アレナムは迷宮都市と聞いてアスクリッグの名前を出すがセイネはあそこに有名なダンジョンが有ったっけ?と不思議そうにしている。


「アレナムちゃんは同じアサセルム同盟だから知ってたのね……

セイネちゃんは有名なダンジョンの情報は冒険者ギルドから得たの?」


「え?そうですが?」


「やっぱりね……

えっとね?アスクリッグなんだけど……」


クミは悲しそうな顔をしながら話し出す。




アスクリッグ、迷宮都市と言われダンジョンの恵みで繁栄していたアサセルム同盟の都市国家アスクリッグ。


だがダラムアデとウアスの争いが激化したさいに、アサセルム同盟の主戦力は国境線に集中した。

そしてダンジョンの監視やモンスターの間引きなどをしていた精鋭が居なくなったアスクリッグは、ダンジョンに氾濫やスタンピードの兆候があるとして、討伐することにする。


だが、アサセルム同盟はその討伐に待ったをかけた。


ダンジョンから採集される貴重な草花は薬品に、鉱石は武器に、宝石は財源になっていた、そんな貴重なダンジョンを討伐するのを反対したのだ。


アスクリッグはスタンピードの危険性を説いたが受け入れられず、アサセルム同盟の圧力により討伐を諦める。


そしてその次の年にスタンピードが発生してアスクリッグのみならず、周辺の都市にまで甚大な被害をもたらしたのだ、そしてアスクリッグのダンジョンは管理が不可能なダンジョンになり、その後も何度もスタンピードを繰り返す危険なダンジョンになったのだった。


「ちょうど主戦力が離れちゃってたから、さらに被害が大きくなったのよ……

それでアスクリッグのダンジョンは価値がね……」


「なるほど、そんなに危険なダンジョンだと冒険者もあまり近づかないですしね」


「しかもね?今までスタンピードを起こしてたのは最初に起こしたのとは別のなのよ?

それで最近の調査で最初にスタンピードを起こした最大のダンジョンがまたスタンピードを起こしそうなのよ……」


「うへぇ……」


「あー完全に思い出したわ、それで同盟は見捨てようとしてるのよね?

しかも押さえられないのはお前らの責任だって言って!」


セイネは嫌な話を聞いたと顔を歪め、アレナムは情けない同盟の話をしたために顔を歪めている。

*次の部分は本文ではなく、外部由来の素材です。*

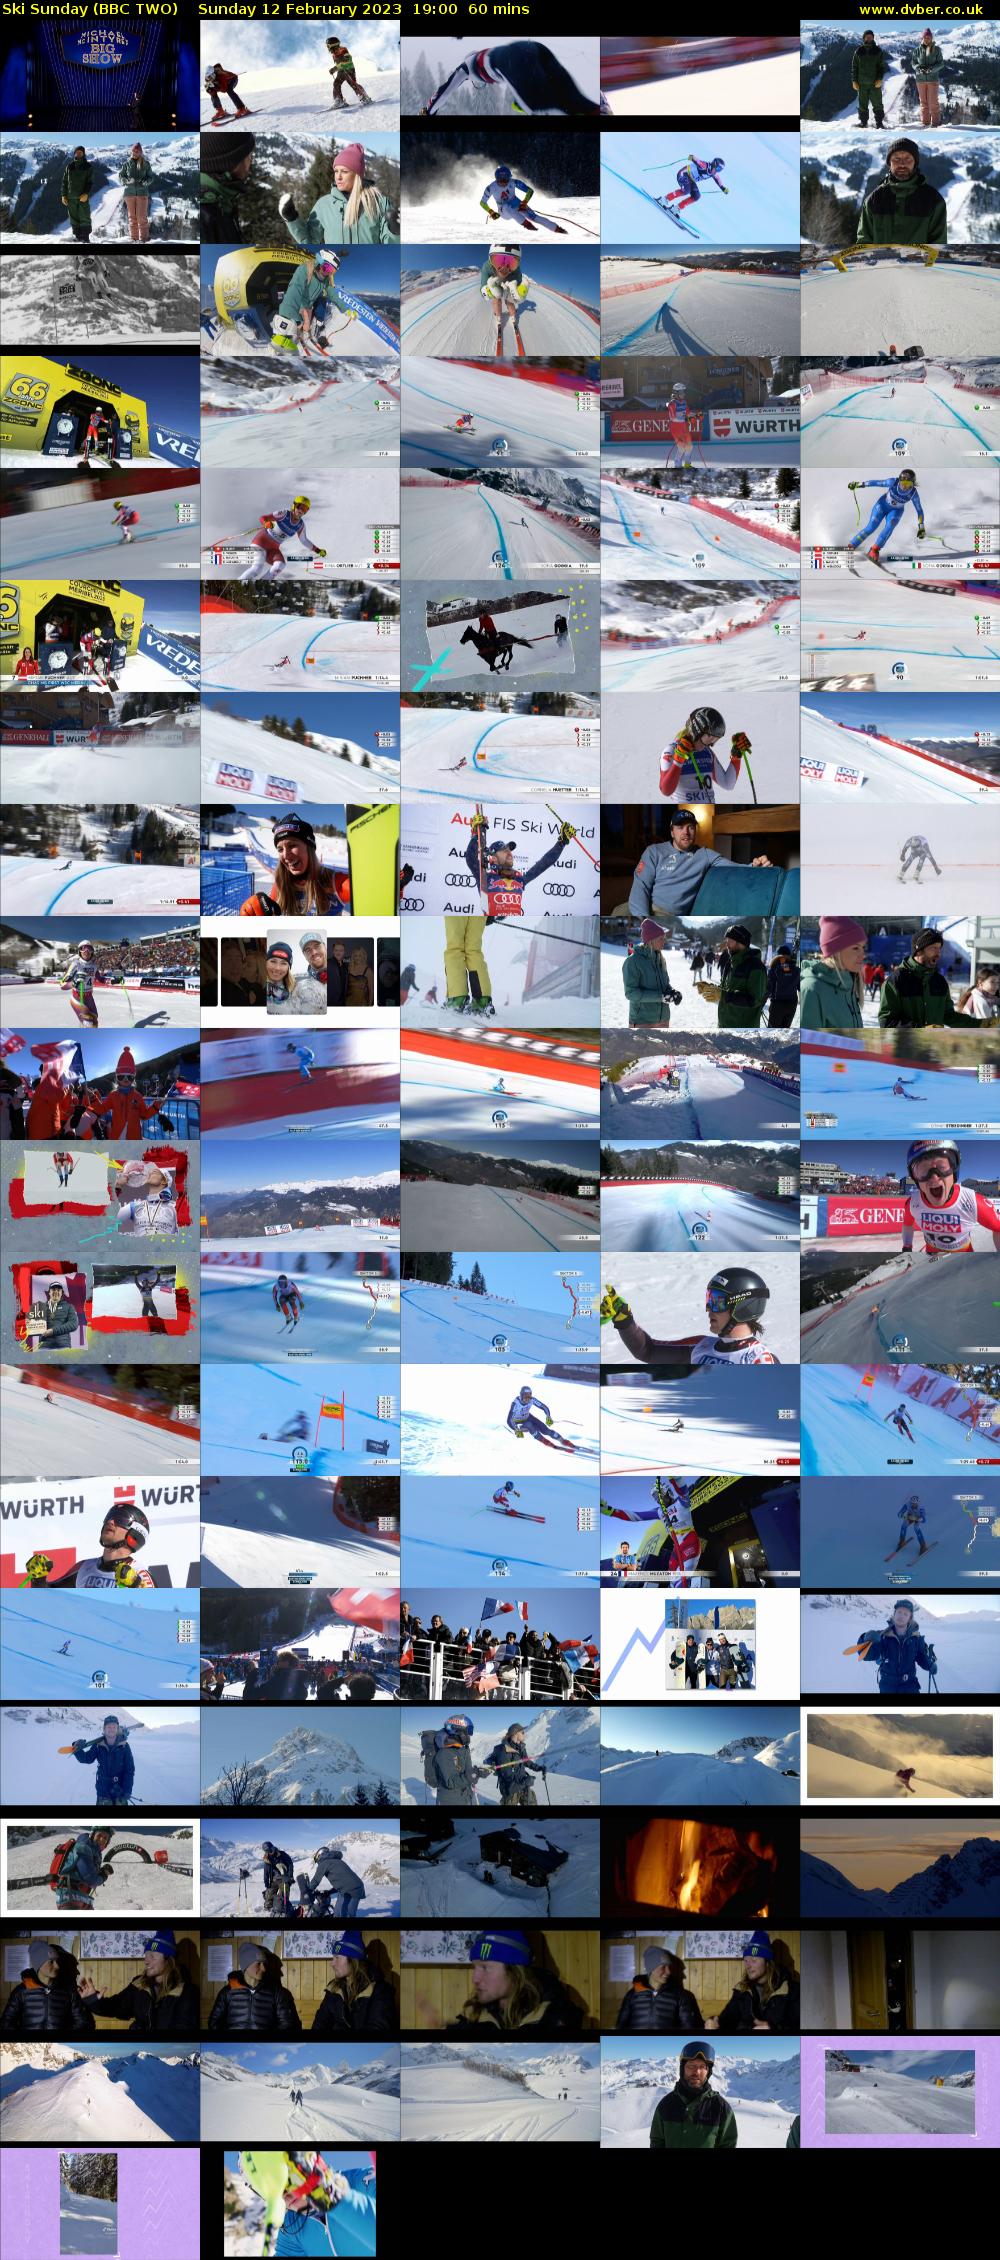 Ski Sunday (BBC TWO) Sunday 12 February 2023 19:00 - 20:00
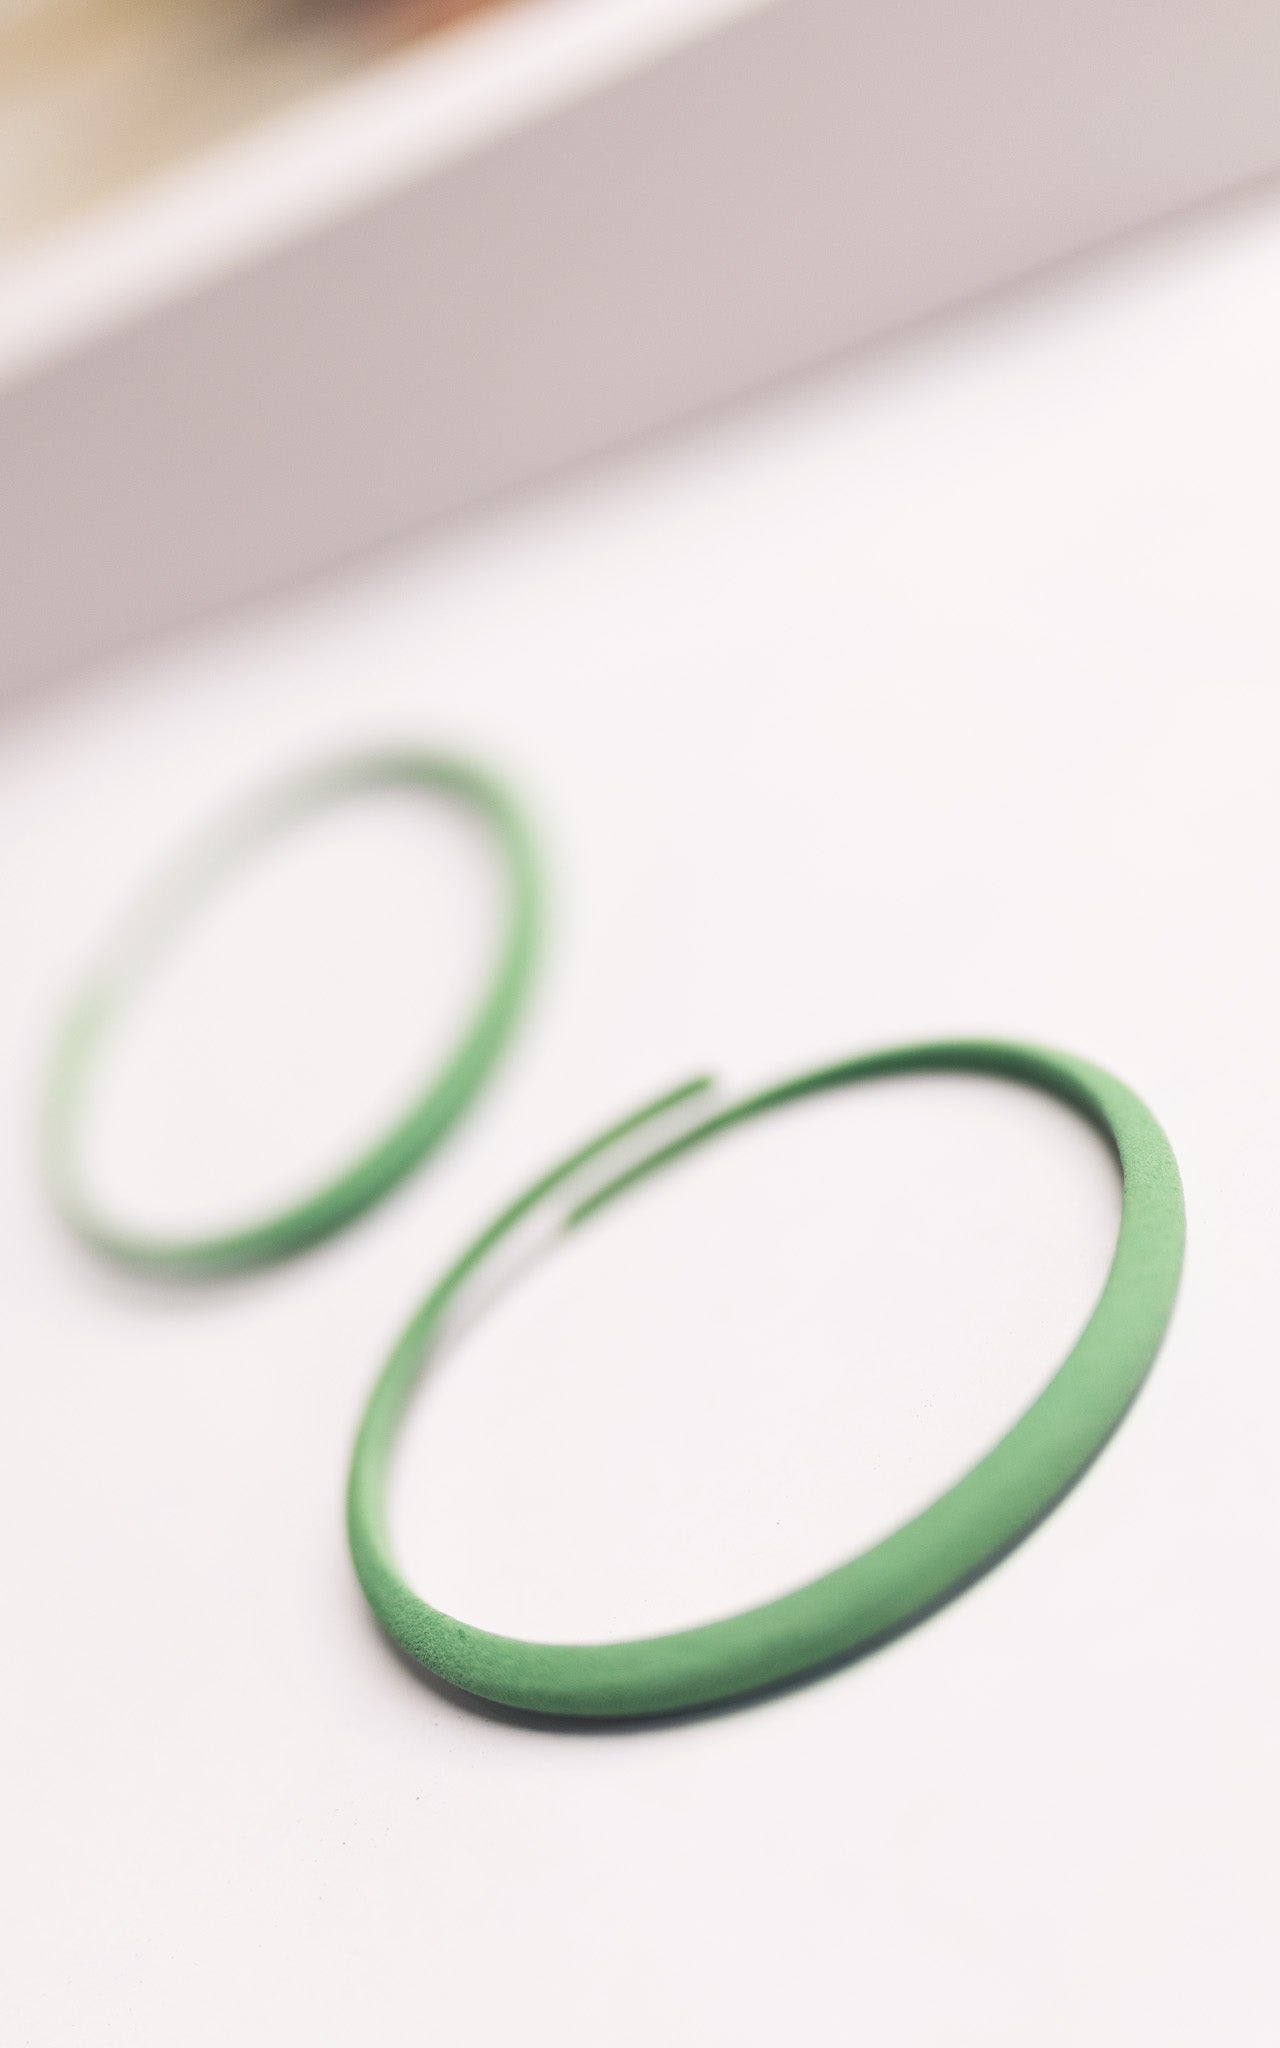 Bracelet vert selon la technologie 3D ultraléger et souple parfait pour les petits poignets.

「だから、あんなに必死にドライト様に質問しているのねですね……」


「でも、そんな都市長の娘さんが何で今ここに居るんですかね?」


ナタリーがそう言うとヒロが悲しそうに言う。


「彼女はな、逃がされたんだよ。

危険なアスクリッグに居ないようにな……

アスクリッグの血を残すための子供達のリーダーとして、無理矢理に逃がされたんだ」


ヒロがそう締め括ると、キャロリン達は悲しそうにアイラを見つめるのだった……




「さぁ!セットし終わりましたよ!

皆で見て学ぶのです!」


ドライトがそう言うと共に映像が写し出される、アイラは最前列に行こうとしたがすでにステラとルチルがかぶりつきで見ていた。


「「ん?ねーちゃも1ばんまえでみる?」」


「よ、よろしいでしょうか?」


「「いいよ~!

キャロねーちゃたちも、いっしょにみよう!」」


ステラとルチルを中心にキャロリン達とアイラが座り、映像を見続けるのだった。


そして画面には【楽しい学究シリーズ 映像で学ぶダンジョンの攻略法!】っと書かれていたのだった。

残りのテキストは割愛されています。